If you are familiar with PKI projects you are probably know about Certificate Policy (CP) and Certificate Practice Statements (CPS). Both based on published RFC and usually required in most PKI implementations. CP specify the policy for PKI and CPS specifies how this policy is implemented by each CA in your PKI solution. Usually it is written to satisfy certain requirements and mapped to some known or desired requirements. CP is also written to show what level of trust relying parties can put into certificates issued from CA. When user gets a certificate and uses it to sign e-mail, encrypt messages or authenticate, the relaying party must have some level of assurance that the person who uses the certificate is actually the right person who claims to use it.

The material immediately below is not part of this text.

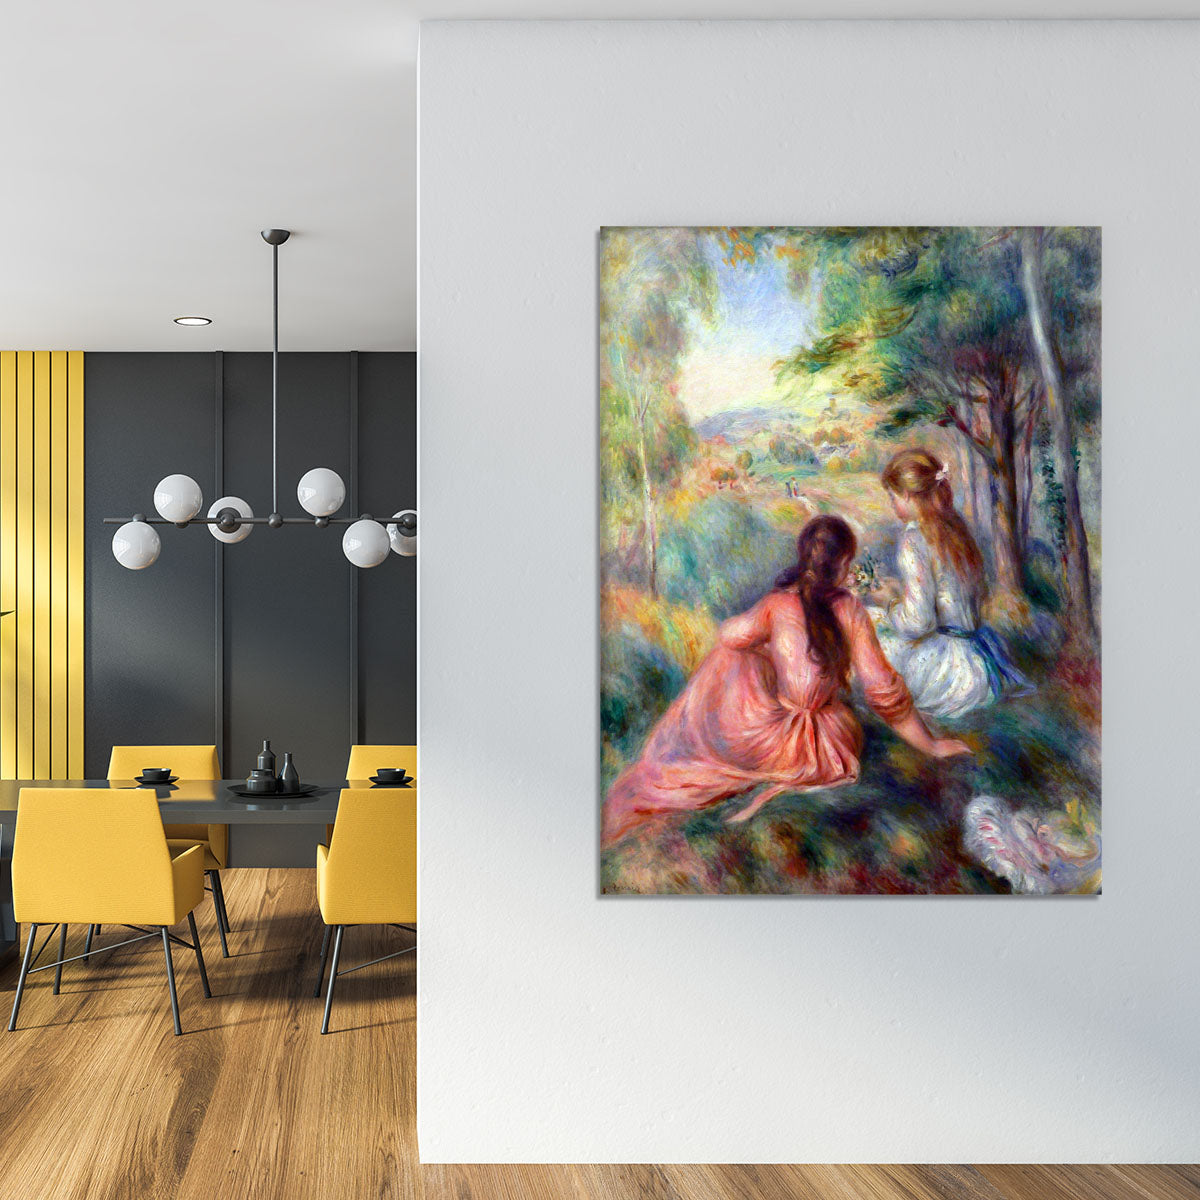 In the meadow by Renoir Canvas Print or Poster - Canvas Art Rocks - 4
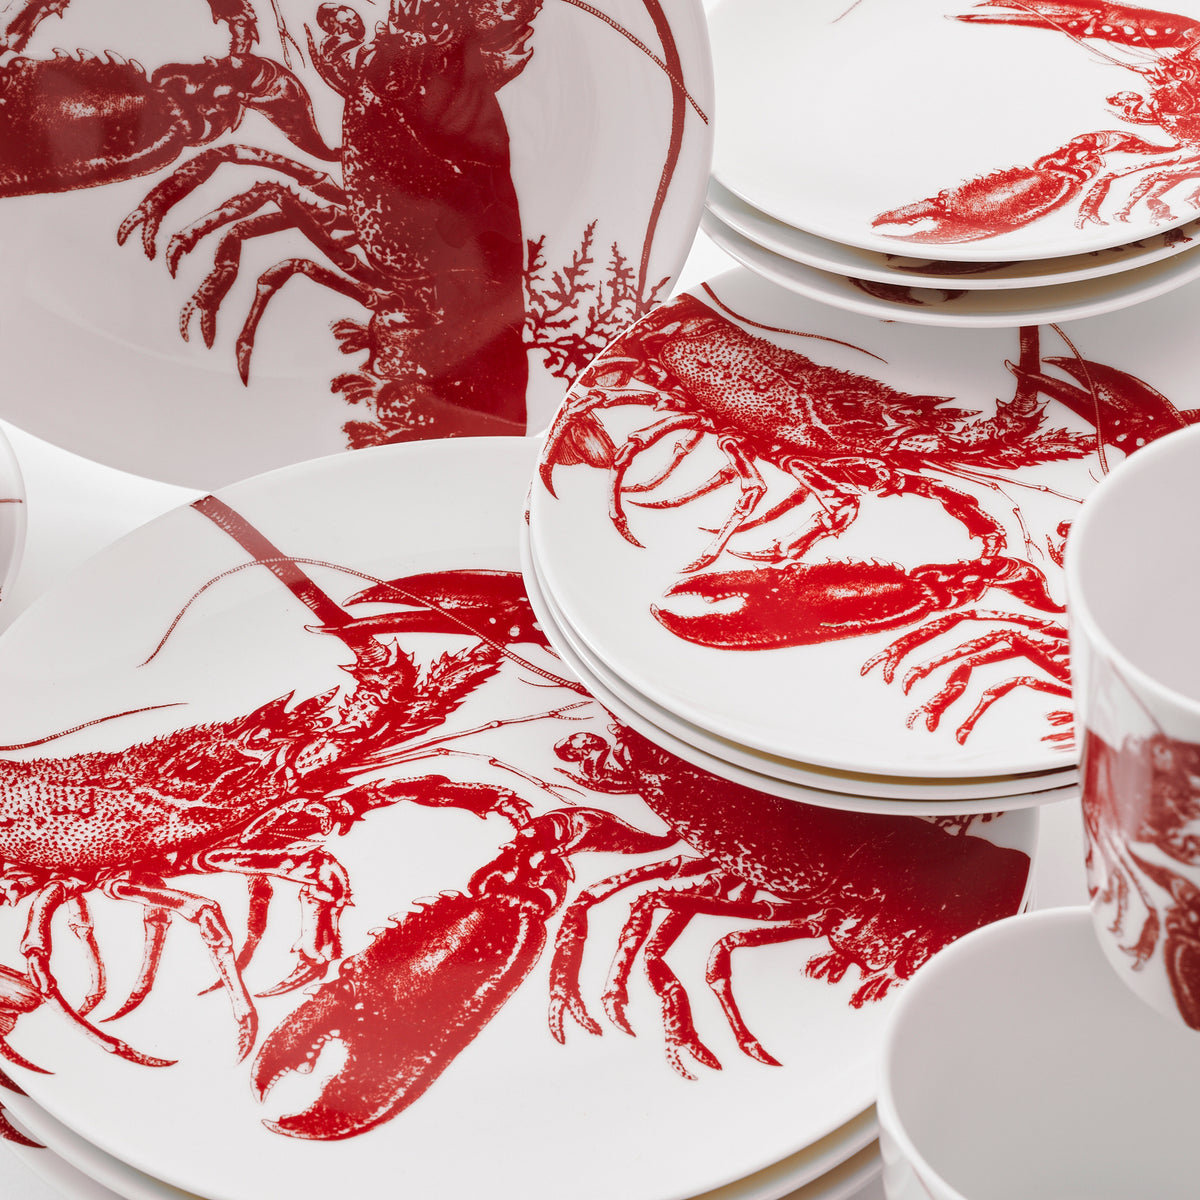 A set of Red Lobster Canapé Plates with lobsters on them, perfect for seaside dining or New England clambakes by Caskata Artisanal Home.

So what about Security Token Service used in Claim Based Authentication and the trust that relaying party should give to it? STS issues a token to subscribers with certain claims and then the subscriber presents this token to the relaying party, ie resource provider. Without common standards and framework that provides policy and practical guidelines for STS implementation, the relying parties accepting tokens from STS have no way to know if the token presented by user have the right information and if it is coming from the valid user. As more and more relaying parties decide to use STS, how would they know about policies and levels of assurance that this STS can provide? Without adopted and commonly used Security Policy that specify how STS should operate we’ll have no way to reliably trust this STS.
So I’d argue that, similar to PKI implementations, any Claim Based Authentication implementation must have a policy, I’ll call it “Token Policy” TP, that describes how STS should be implemented and then every STS should potentially have Token Practice Statement (TPS) describing how TP is enforced for a specific STS.